### ENTRIES PROVIDED ###

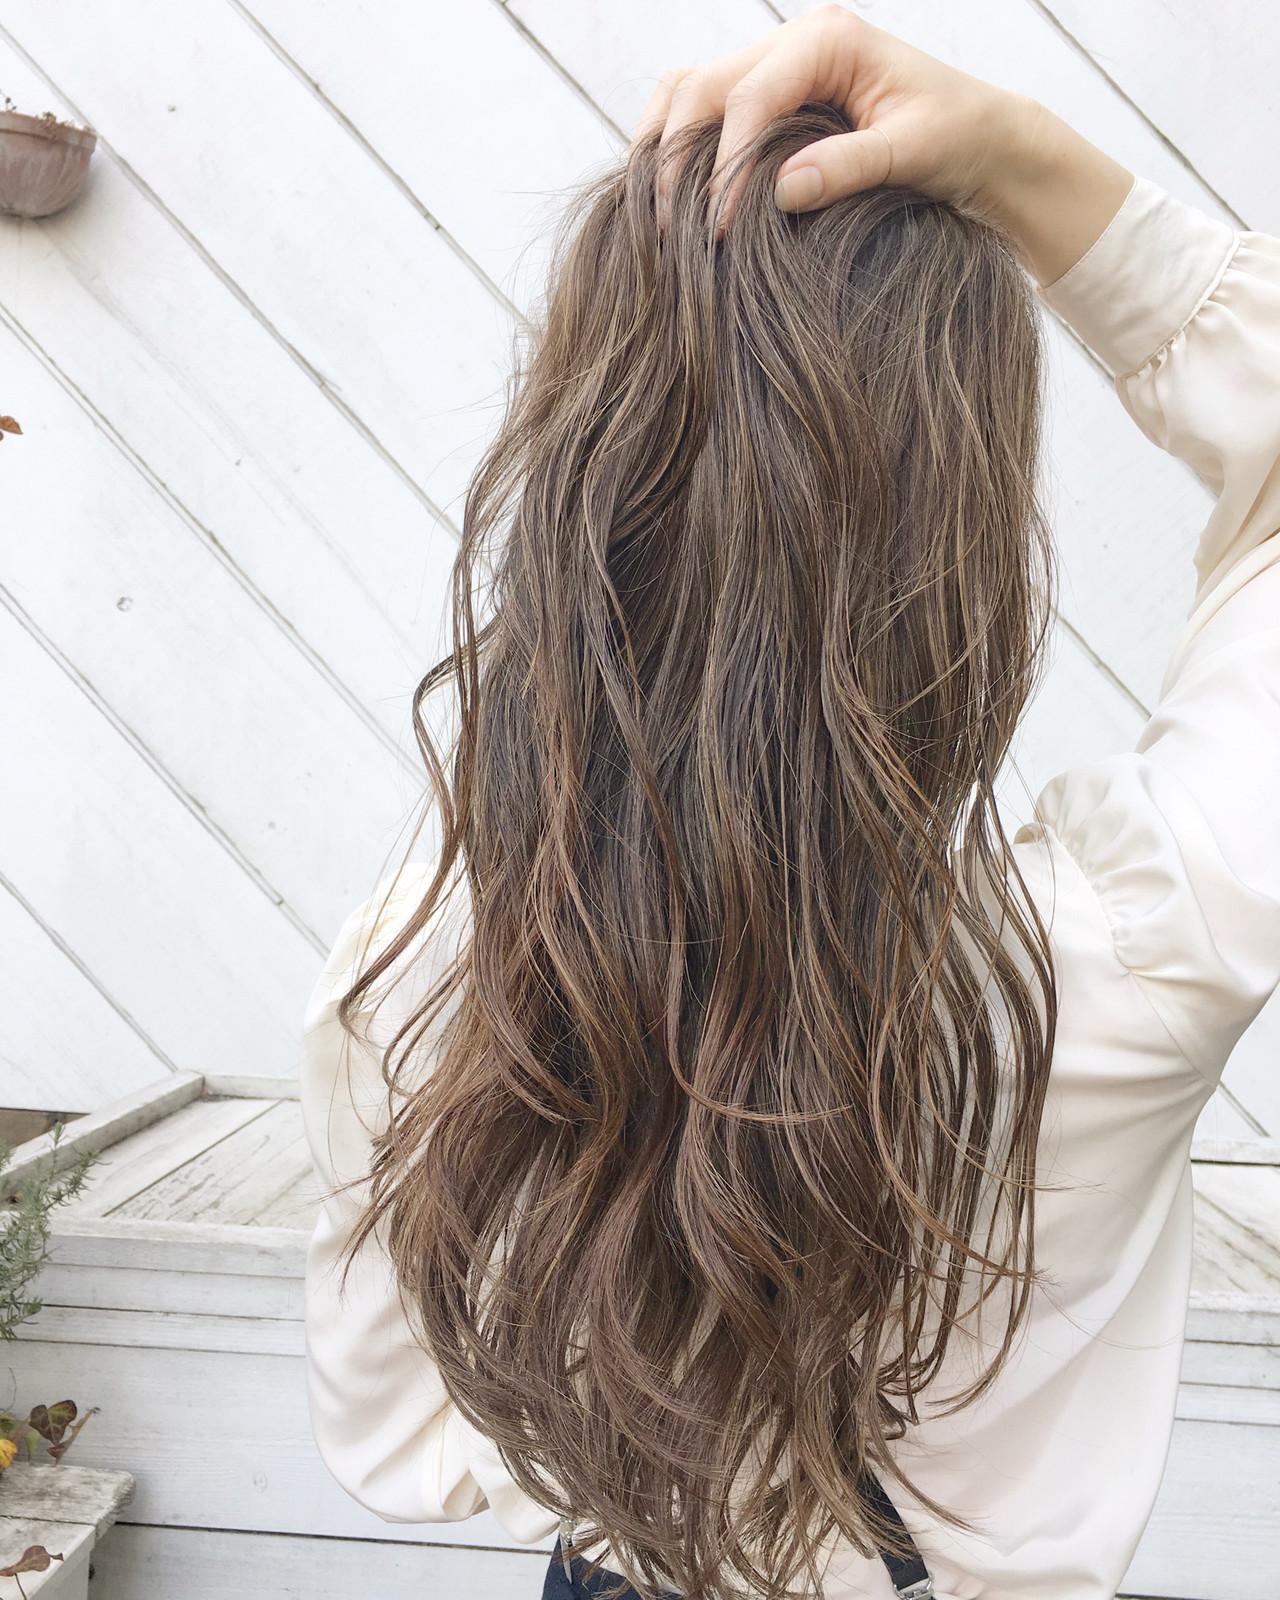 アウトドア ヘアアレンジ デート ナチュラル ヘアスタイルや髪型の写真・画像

###
### ENTRIES PROVIDED ###

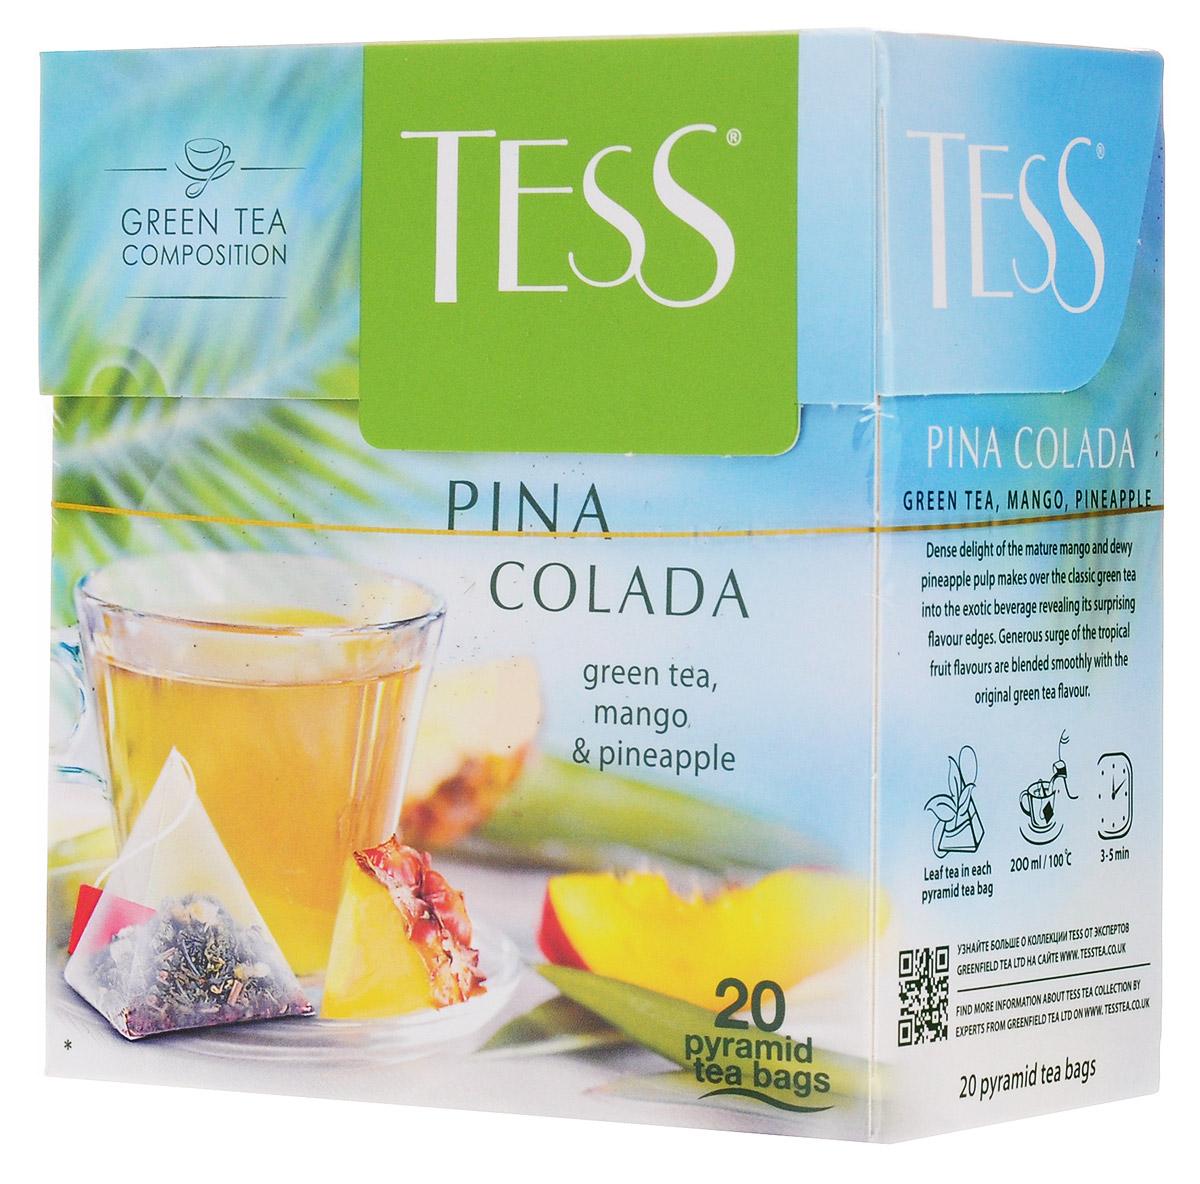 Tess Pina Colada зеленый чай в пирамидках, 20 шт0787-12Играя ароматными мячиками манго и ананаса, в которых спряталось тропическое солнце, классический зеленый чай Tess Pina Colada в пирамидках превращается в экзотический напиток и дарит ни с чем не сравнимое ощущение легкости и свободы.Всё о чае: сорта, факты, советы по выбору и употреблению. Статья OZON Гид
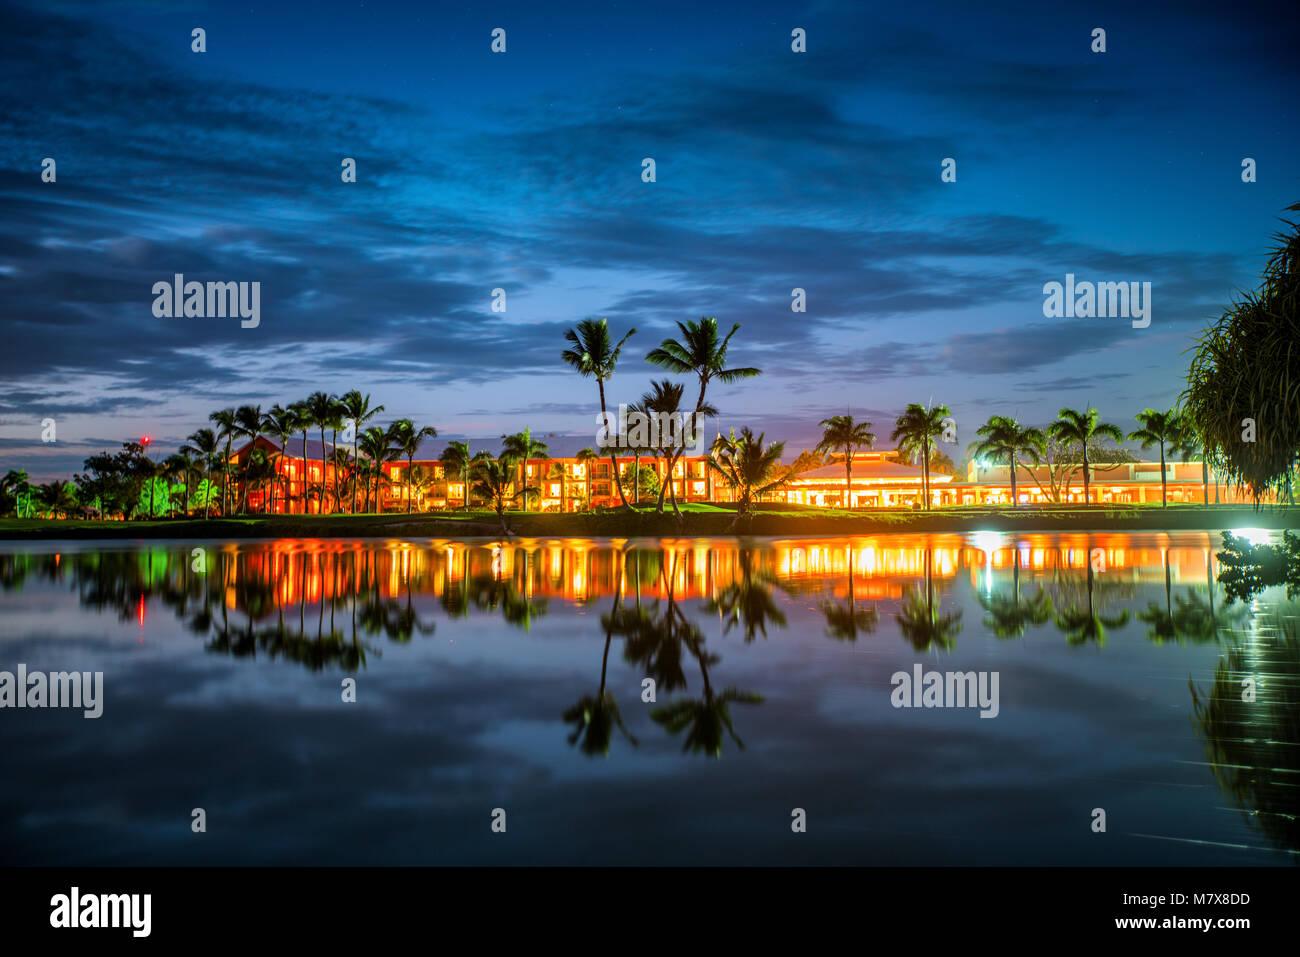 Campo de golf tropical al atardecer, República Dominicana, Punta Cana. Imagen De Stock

###
### ENTRIES PROVIDED ###

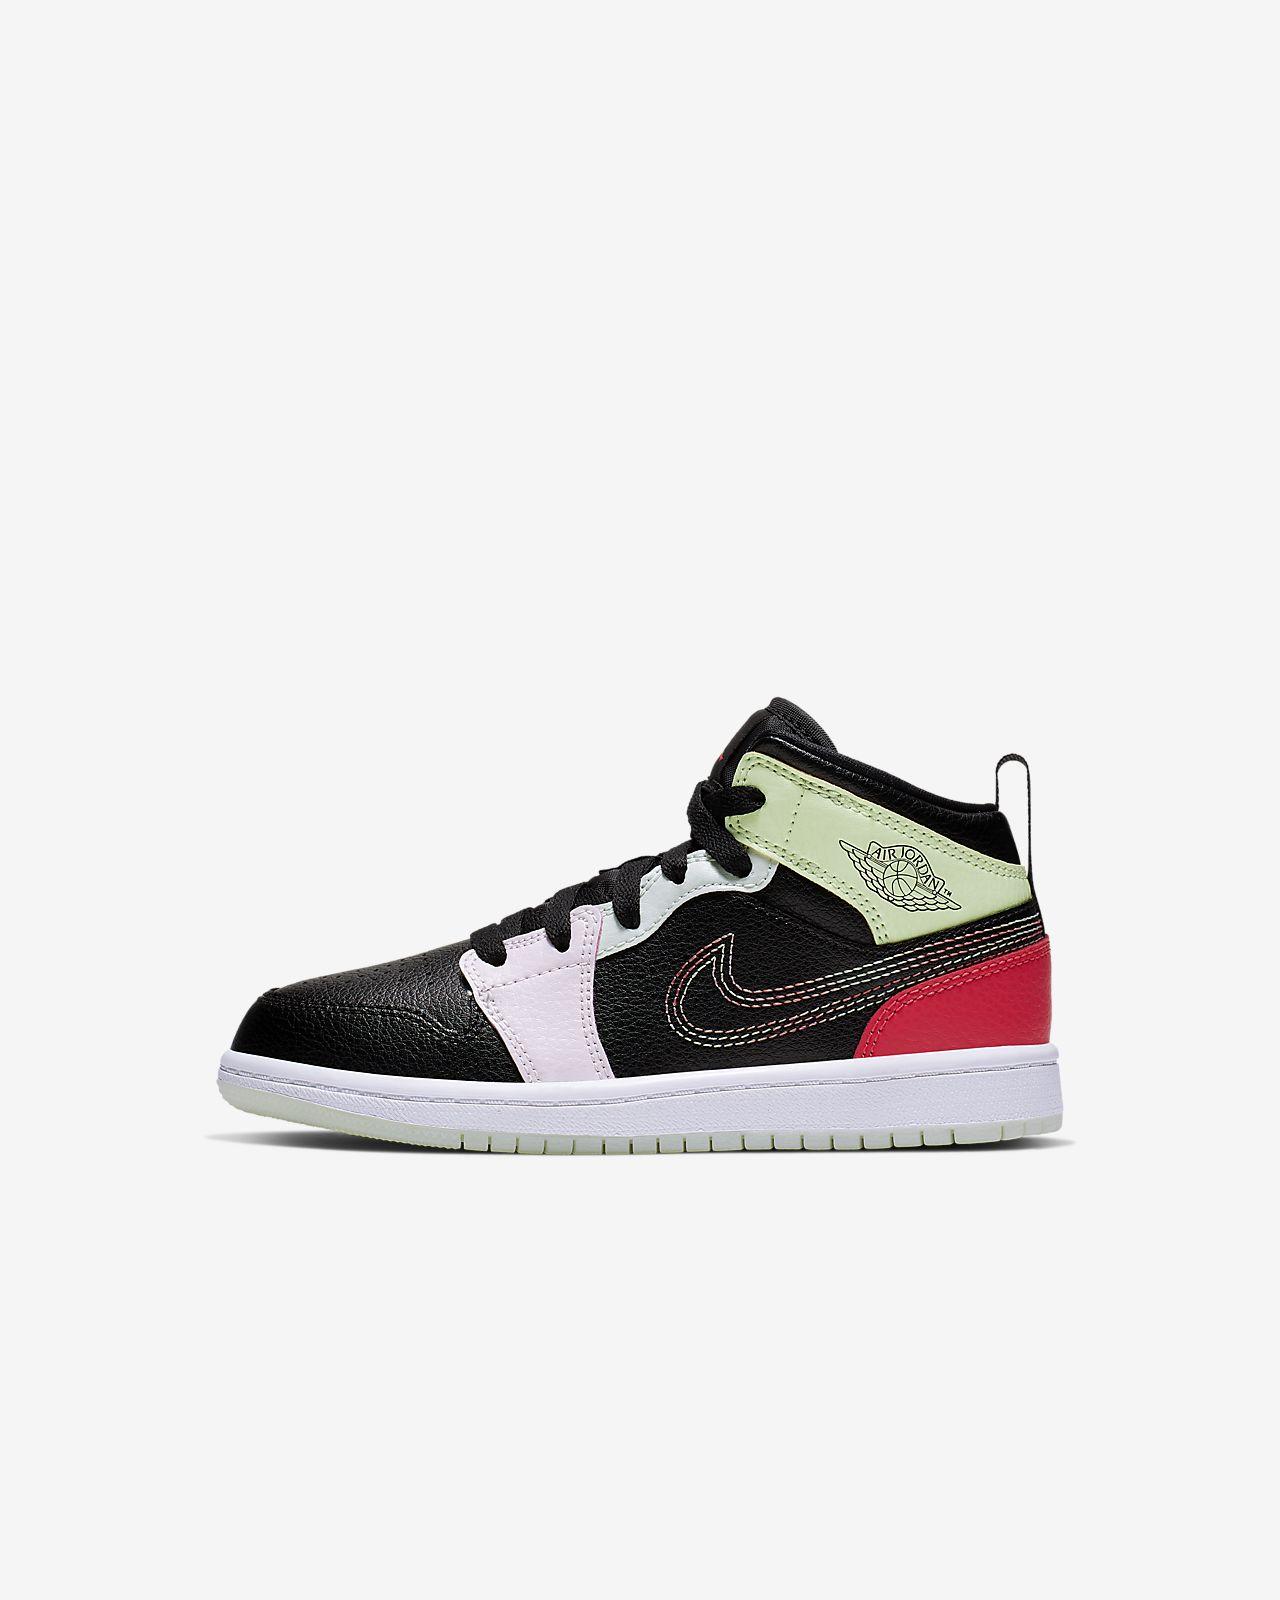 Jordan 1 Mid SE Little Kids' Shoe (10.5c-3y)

###

> _WHAT YOU NEED TO DO_
The output is the stretch above from the line with "Tess Pina Colada зеленый" through the line with "Campo de golf", copied word for word with both ends kept and every picture dropped.

> _RESPONSE TO THIS TASK_
 Tess Pina Colada зеленый чай в пирамидках, 20 шт0787-12Играя ароматными мячиками манго и ананаса, в которых спряталось тропическое солнце, классический зеленый чай Tess Pina Colada в пирамидках превращается в экзотический напиток и дарит ни с чем не сравнимое ощущение легкости и свободы.Всё о чае: сорта, факты, советы по выбору и употреблению. Статья OZON Гид
 Campo de golf tropical al atardecer, República Dominicana, Punta Cana. Imagen De Stock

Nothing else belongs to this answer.